Overview of Nevada’s Process of HIV Testing of Offenders

Overview of Nevada’s Process of HIV Testing of OffendersWith approximately 9,194 people in Nevada reported to be living with HIV, one concern is how to deal with HIV, specifically in inmate populations, where certain incidents may increase the chance of exposure to HIV.  Any instance where someone may encounter the fluids of someone who is HIV-positive, whether it be jail personnel or other inmates, requires protocol for dealing with these situations.

The last reported numbers for HIV-affected individuals among Nevada prisoners was in 2012, which showed that 115 prisoners in the custody of state and federal correctional authorities in Nevada were affected with HIV.  Nevada law provides for a protocol for dealing with inmates who may have been exposed to HIV, and who are deemed to be HIV-positive.

HIV-Specific Criminal Laws

The Law Regarding HIV Testing of Offenders in Nevada

The process for the testing HIV testing of Nevada offenders who are incarcerated is outlined in Nev. Rev. Stat. § 209.385.  It provides that committed offenders will be tested for HIV after any incident in which the offender may have been exposed to the virus.  Along with administration of the appropriate tests, the offender must undergo HIV counseling.  If the results of the test are positive, then the offender must undergo supplemental testing and the offender’s name may be disclosed to certain Department of Corrections personnel.  In certain situations, an HIV-positive offender will be segregated from other HIV-negative offenders.

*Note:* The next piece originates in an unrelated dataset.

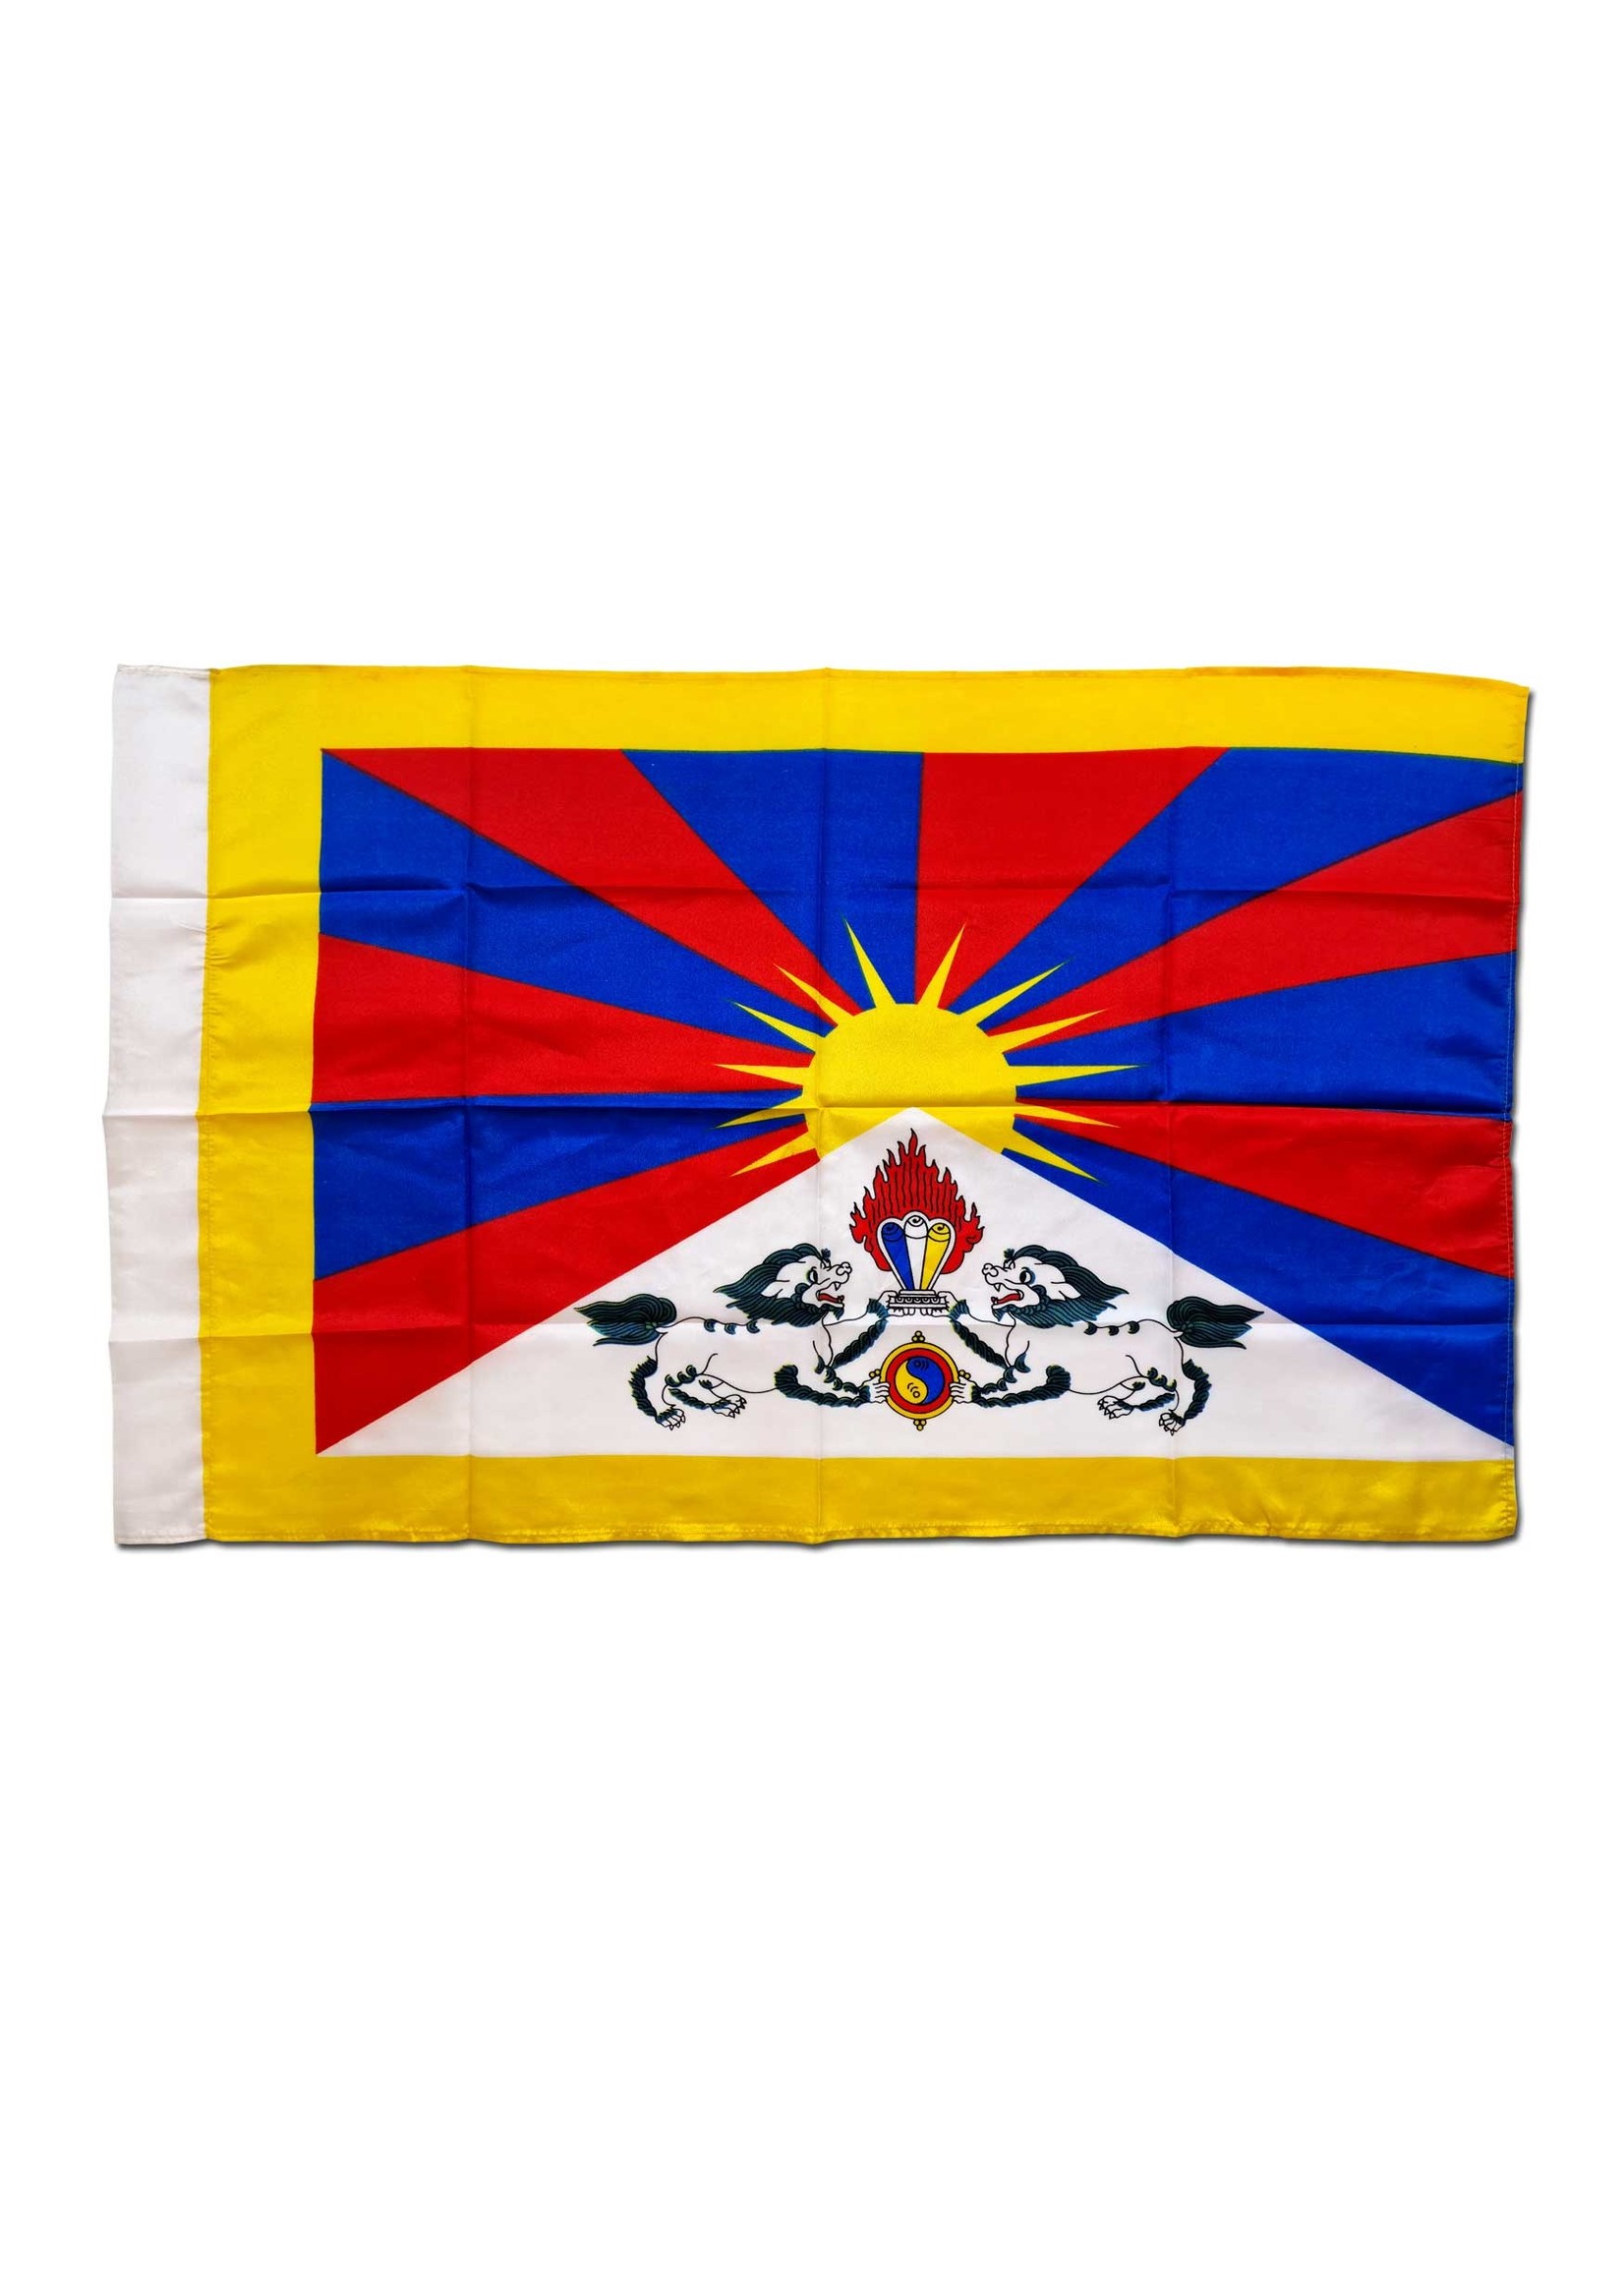 Tibetische Nationalflagge

The specific statutory language of Nev. Rev. Stat. § 209.385 reads:

  • Each offender committed to the custody of the Department for imprisonment shall submit to such initial tests as the Director determines appropriate to detect exposure to the human immunodeficiency virus. Each such test must be approved by regulation of the State Board of Health. At the time the offender is committed to custody and after an incident involving the offender:
    • The appropriate approved tests must be administered; and
    • (b) The Offender must receive counseling regarding the virus.
  • If the results of an initial test are positive, the offender shall submit to such supplemental tests as the Medical Director determines appropriate. Each such test must be approved for the purpose by regulation of the State Board of Health.
  • If the results of a supplemental test are positive, the name of the offender may be disclosed to:
    • (a) The Director;
    • The administrative officers of the Department who are responsible for the classification and medical treatment of offenders;
    • (c) The manager or warden of the facility or institution at which the offender is confined; and
    • Any other employee of the Department whose normal duties involve the employee with the offender or require the employee to come into contact with the blood or bodily fluids of the offender.
  • The offender must be segregated from every other offender whose test results are negative if:
    • The results of a supplemental test are positive; and
    • The offender engages in behavior that increases the risk of transmitting the virus as determined by regulation of the Department.
  • The Director, with the approval of the Board:
    • Shall establish for inmates and employees of the Department an educational program regarding the virus whose curriculum is provided by the Division of Public and Behavioral Health of the Department of Health and Human Services.  A person who provides instruction for this program must be certified to do so by the Division.
    • May adopt such regulations as are necessary to carry out the provisions of this section.
  • As used in this section, “incident” means an occurrence, of a kind specified by regulation of the State Board of Health or the Department, that entails a significant risk of exposure to the human immunodeficiency virus.